В давящей недосягаемой пышности купола окаменела идея чистой справедливости, Нагорная проповедь превратилась всего лишь в образчик наивной поэзии, а церковная иерархия - священный порядок - превознесла саму себя, как высшую святыню. Ничего не изменилось в мире: вечное блаженство по-прежнему где-то на небе, а человек живет на земле.

Якуб Кушк слышал последний вздох и первый крик человека, который не по собственной воле начинает и прекращает свое существование, никто не спрашивает его, хочет он этого или нет. Мальчик просил милостыню, девушка предлагала свою любовь, хлеб наш насущный даждь нам днесь; один человек убивал человека, а другой возвращал мертвого к жизни, вставив ему чужое сердце; женщина кормила грудью ребенка, а другая обнаружила у себя в груди опухоль, и ей не помогло, что на шее у нее в несколько рядов висела нитка дорогого жемчуга; солдат учился стрелять в своих братьев, а две тысячи его братьев, сидя за грубыми столами, учились распознавать врага под любой маской; а в Колизее в трех шагах от императорской ложи из узкой трещины между двумя травертиновыми плитами проросла маленькая березка.

Якуб Кушк шел по городу и представлял себе, как из хаоса возникнет сложный, многоступенчатый порядок, а из пестроты - красота, и вот уже город стал прекраснейшим городом в мире.

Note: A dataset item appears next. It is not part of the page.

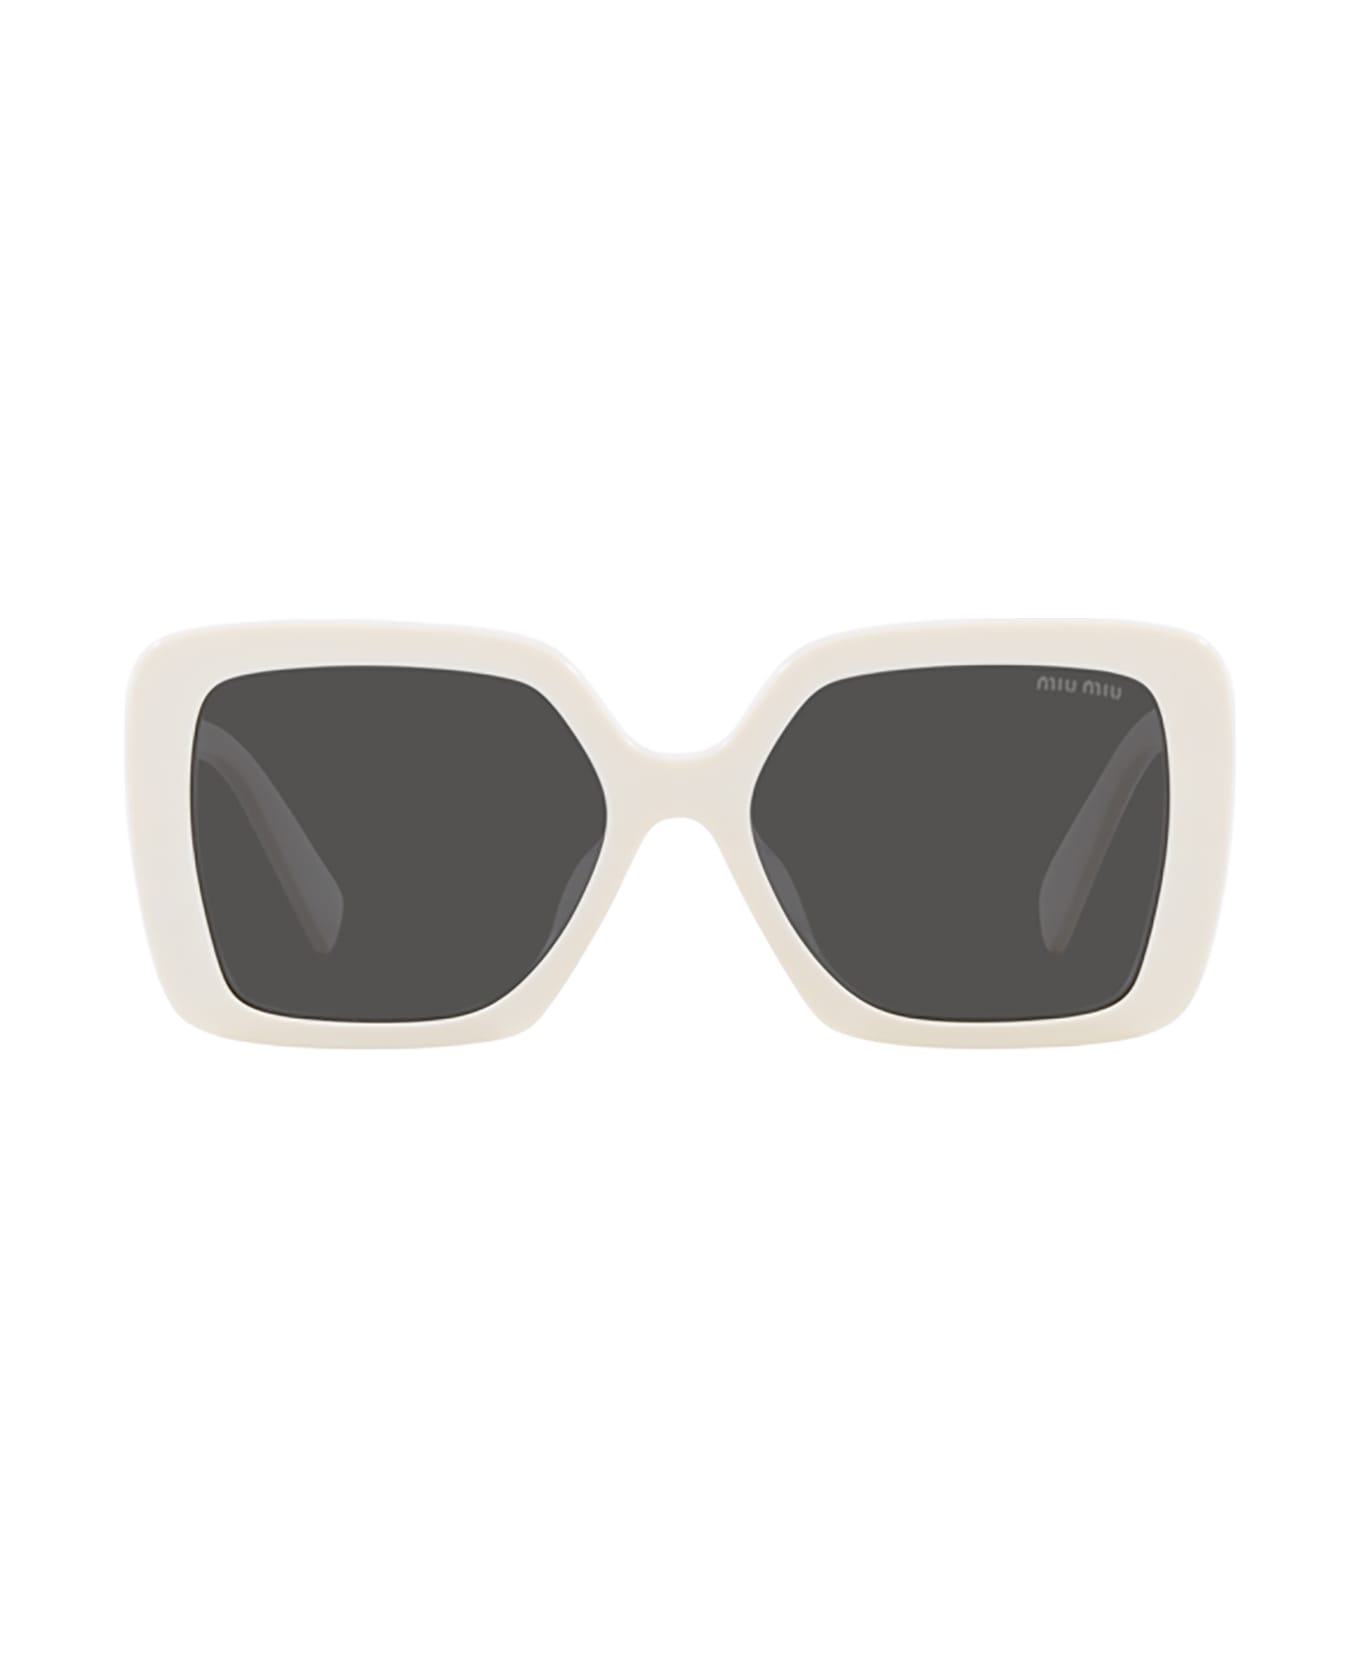 Miu Miu Eyewear Mu 10ys White Sunglasses - White

На Капитолийском холме Кушк прислонился к колонне на Тарпейской скале и сыграл песню в честь Тарпеи и всех женщин, которые любили своих сыновей больше, чем их воинскую славу. А когда город, окутанный дымкой, остался далеко позади, он увидел, как сокол бросился на голубя. Но он не отрекся от своей песни, посвященной Тарпее, потому что сокол - это сокол, и он убивает голубя, как человек - теленка. Якуб Кушк шел, погруженный в эти мысли, но так и не успел додумать их до конца; внезапно его арестовали и привели к судье.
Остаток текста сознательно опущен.